I’m summarizing this article. For specifics (such as how to configure split machines across racks to better configure the network switches) see the article. None of this content is operating system or hardware vendor specific, but generally the discussions assume Linux.
Goal is to minimize data movement and process on the same machine that stores the data. Therefore each machine in the cluster needs appropriate CPU and disk. Problem is that when building the cluster the nature of the queries and the resulting bottlenecks may not yet be known. If a business is building its first Hadoop cluster, it may not yet fully understand the types of business problems that will eventually be solved by it. That’s in contrast to a business deploying it’s Nth Oracle server.
Types of bottlenecks:
- IO: reading from disk (or a network location)
- data import/export
- data transformation
- CPU: processing the Map query
- text mining
- natural language processing
Other issues, since a cluster could eventually scale to hundreds or thousands off machines
The Cloudera Manager can provide realtime statistics about how a currently running MapReduce job impacts the CPU, disk, and network load.

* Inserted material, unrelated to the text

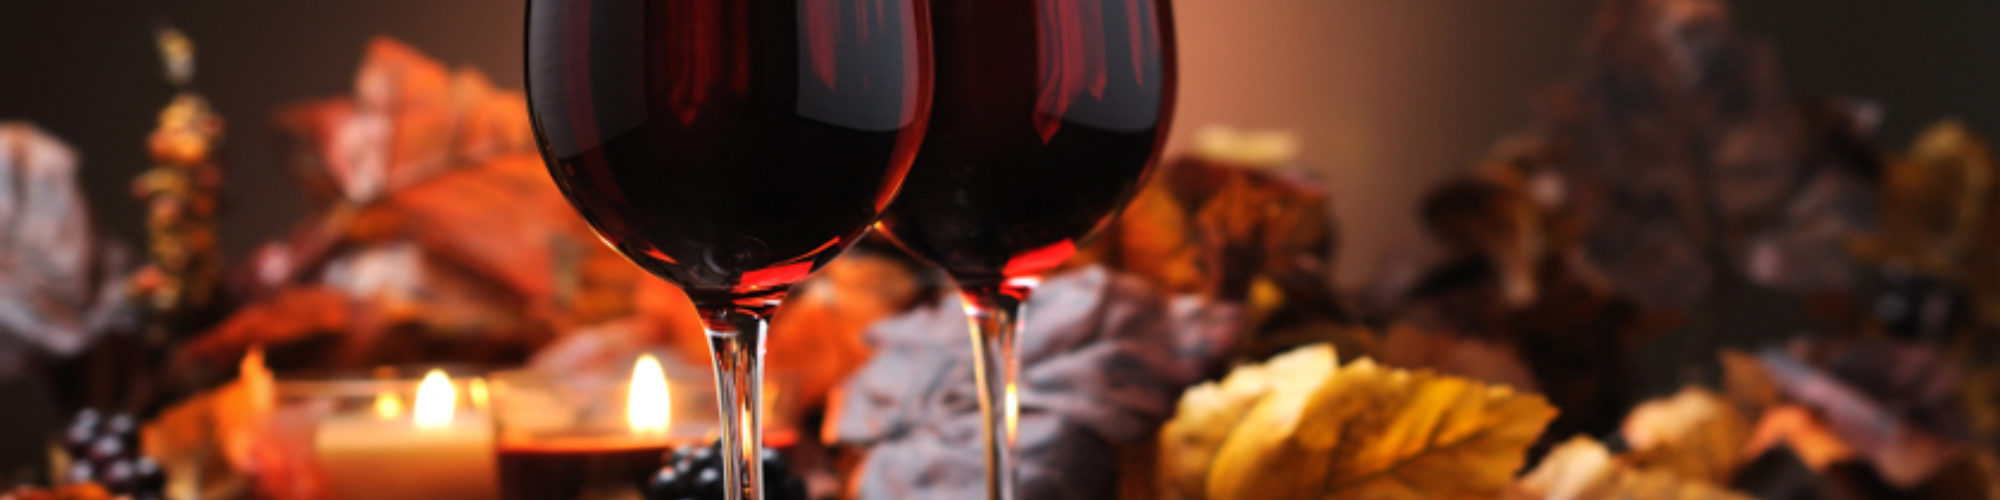 Thanksgiving Food Wine

Roles of the components within a Hadoop cluster:
- Name Node (and Standby Name Node): coordinating data storage on the cluster
- Job Tracker: coordinating data processing
- Task Tracker
- Data Node
Data Node and Task Tracker
- The vast majority of the machines in a cluster will only peform the roles of Data Node and Task Tracker, which should not be run on the same nodes as Name and Job.

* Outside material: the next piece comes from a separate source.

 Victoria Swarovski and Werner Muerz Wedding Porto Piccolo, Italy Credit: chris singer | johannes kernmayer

- Other components (such as HBase) should only be run on the Data Nodes if they operate on data. You want to keep data local as much as possible. HBase needs about 16 GB Heap to avoid garbarge collection timeouts. Impala will consume up to 80% of available RAM.
- Assumed to be lower performance machines than the Name Node and Job Tracker
Name Node and Job Tracker
- Standby Name Node should (obviously) not be on the same machine as the Name Node.

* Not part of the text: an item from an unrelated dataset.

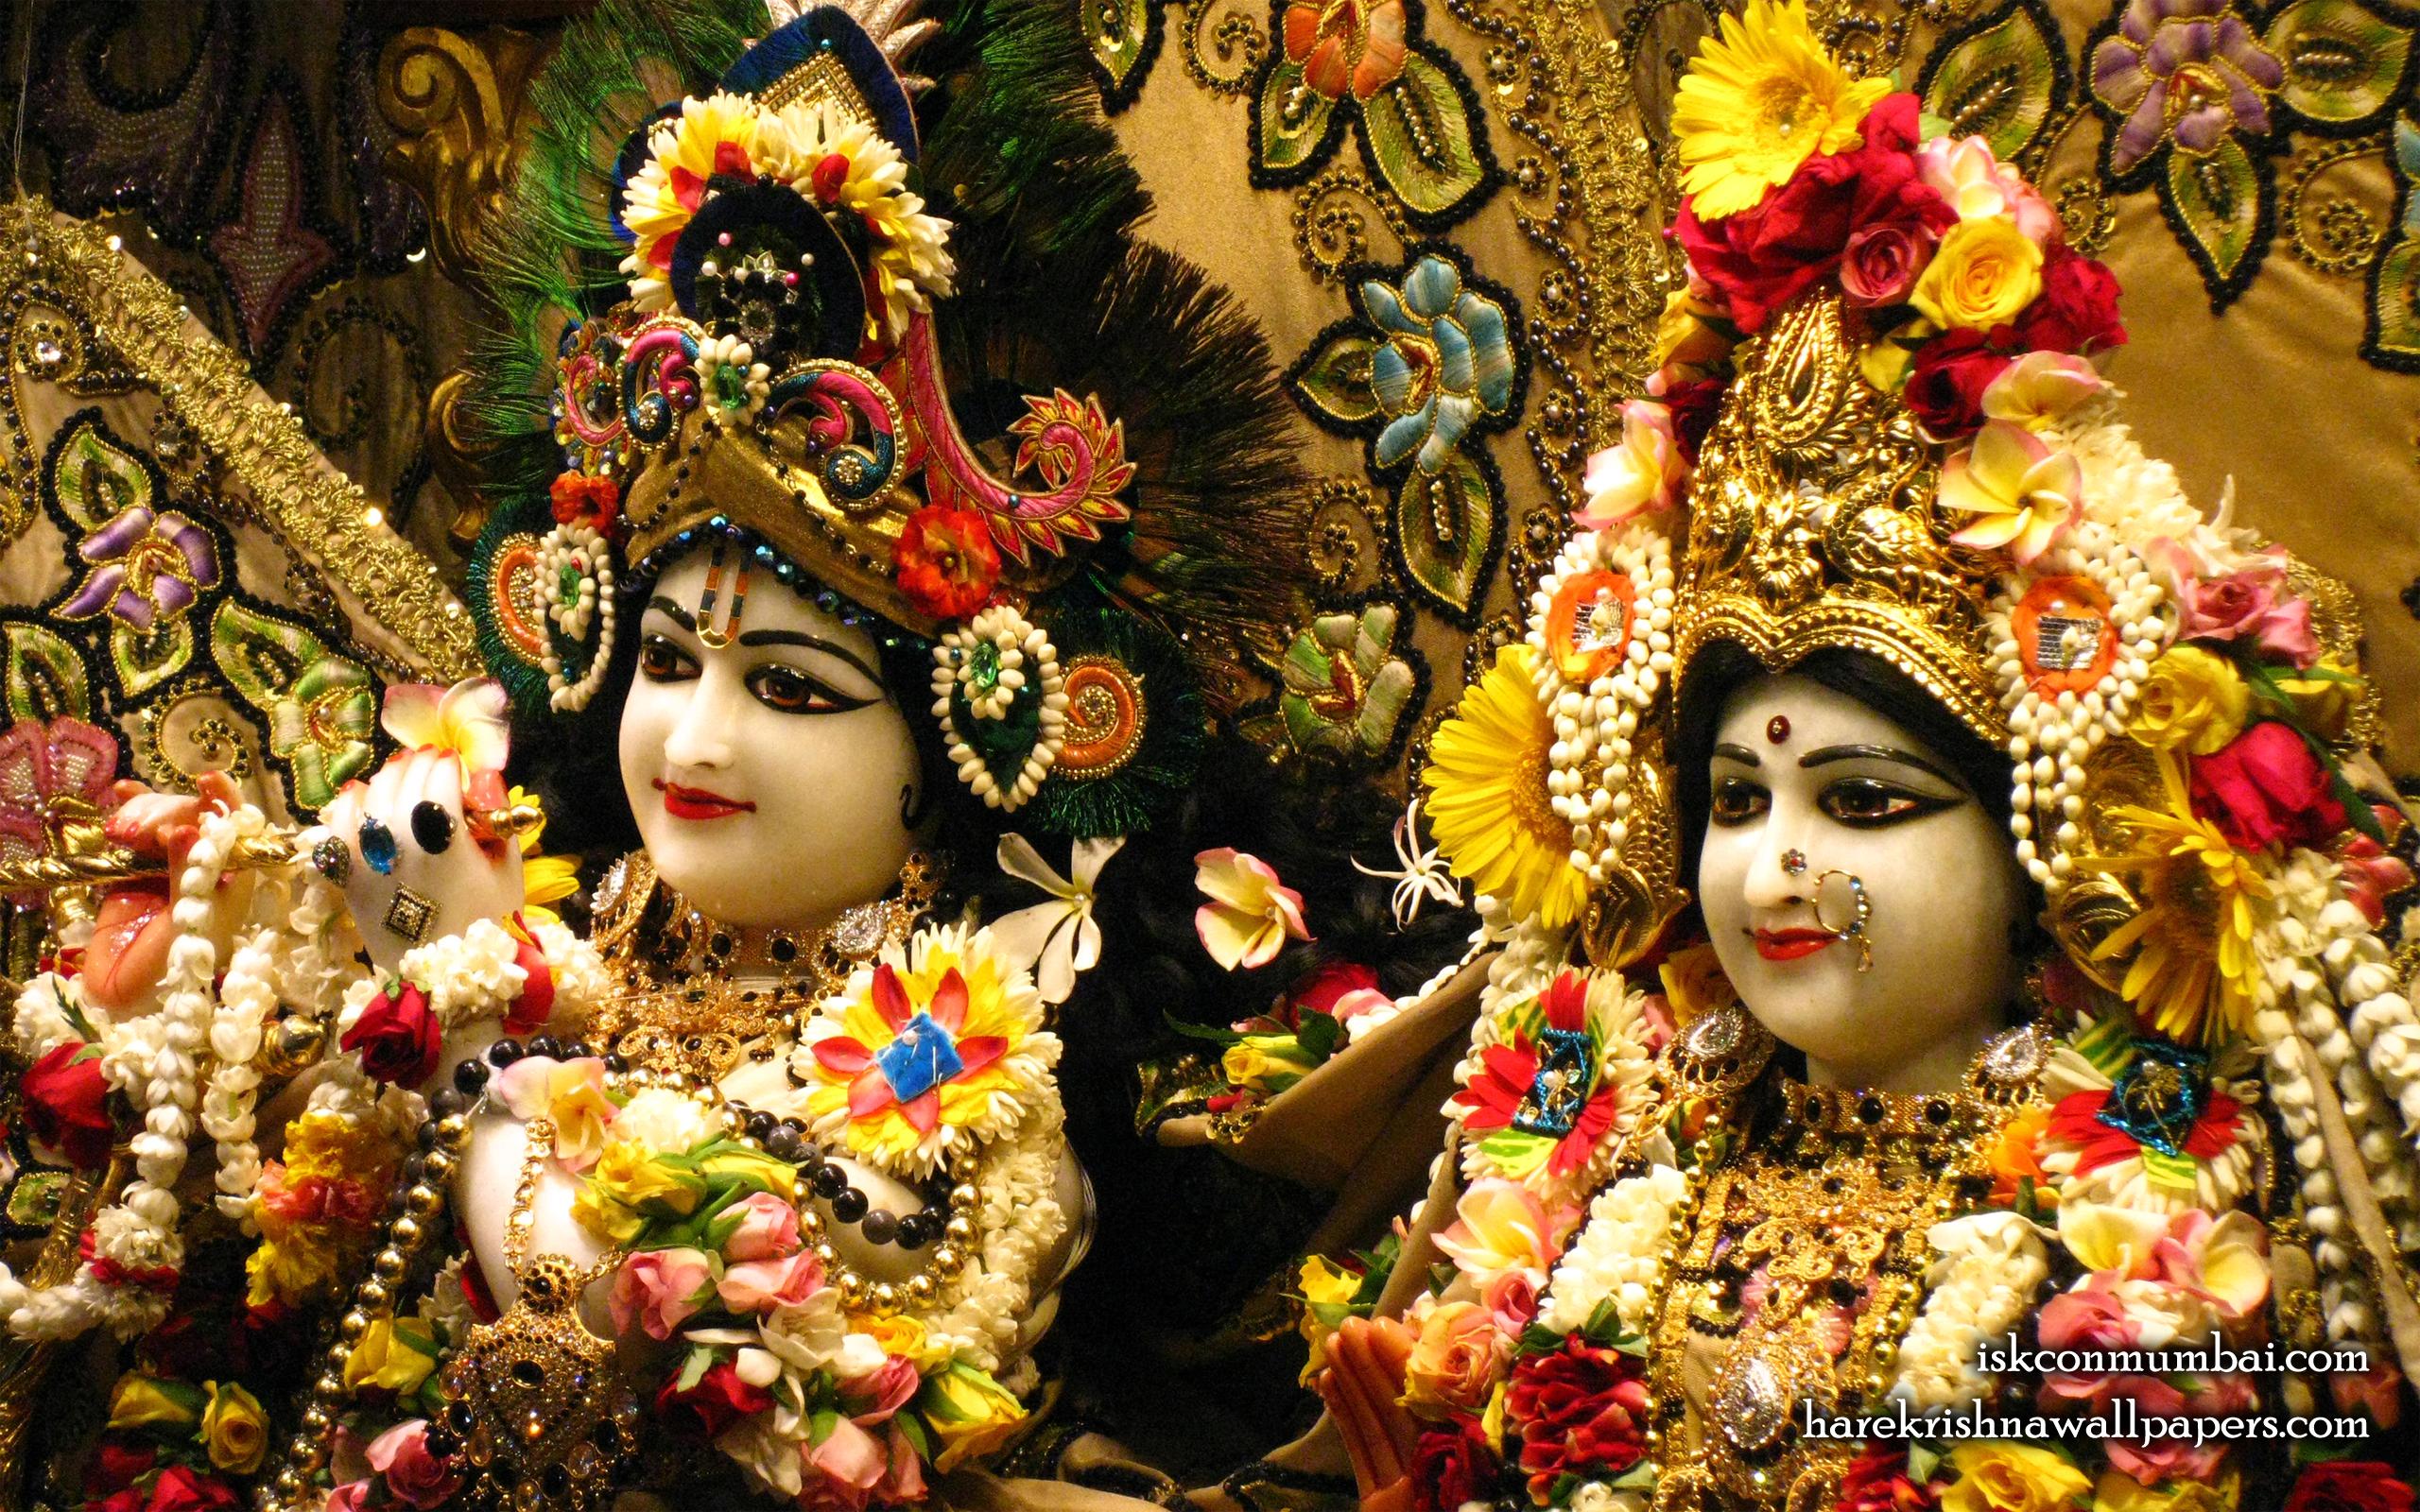 Sri Sri Radha Rasabihari Close up Wallpaper (014) Size 2560x1600 Download

- Name Node (and Standby Name Node) and Job Tracker should be enterprise class machines (redundant power supplies, enterprise class raid’ed disks)
- Name Node should have RAM in proportion to number of data blocks in the cluster. 1GB RAM for every 1 million blocks in HDFS. With 100 Data Node cluster, 64 GB RAM is fine. Since the machine’s tasks will be disk intensive, you’ll want enough RAM to minimize virtual memory swapping to disk.
- 4 – 6 TB of disk, not raid’ed (JBOD configuration)
- 2 CPUs (at least quad code). Recommend more CPUs and/or cores as opposed to faster CPU speed, since in a large cluster the higher speed will draw more power and generate more heat, yet not scale as well as if there were simply more CPUs or better yet nodes.
Cloudera has defined four standard configurations
- Light Processing (I’m not sure what the use case is for this. Prototype? Sandbox?)
- Balanced Compute (recommeded for your 1st cluster, since it’s not likely you’ll properly identify which configuration is best suited for your use case)
- Storage Heavy
- Compute Heavy
Posted in cloudera, DataNode, hardware, HBase, Impala, JobTracker, Linux, MapReduce, NameNode, TaskTracking, tutorial, UNIX
HDFS is fault tolerant. Each file is broken up into blocks, and each block must be written to more than one server. The number of servers is configurable, but three is the common configuration. Just as with RAID, this provides fault tolerance and increase retrieval performance.
When a block is read, its checksum indicates whether the block is valid or corrupted. If corrupted, and depending on the scope of the corruption, the block may be rewriten or the server may be taken out of the cluster and the blocks spread to other existing servers. If the cluster is running within an elastic cloud then either the server is healed or a new server is added.
Unlike high end SAN hardware which is architected to avoid failure, HDFS assumes that its low end equipment will fail so it has self-healing built into its operating model.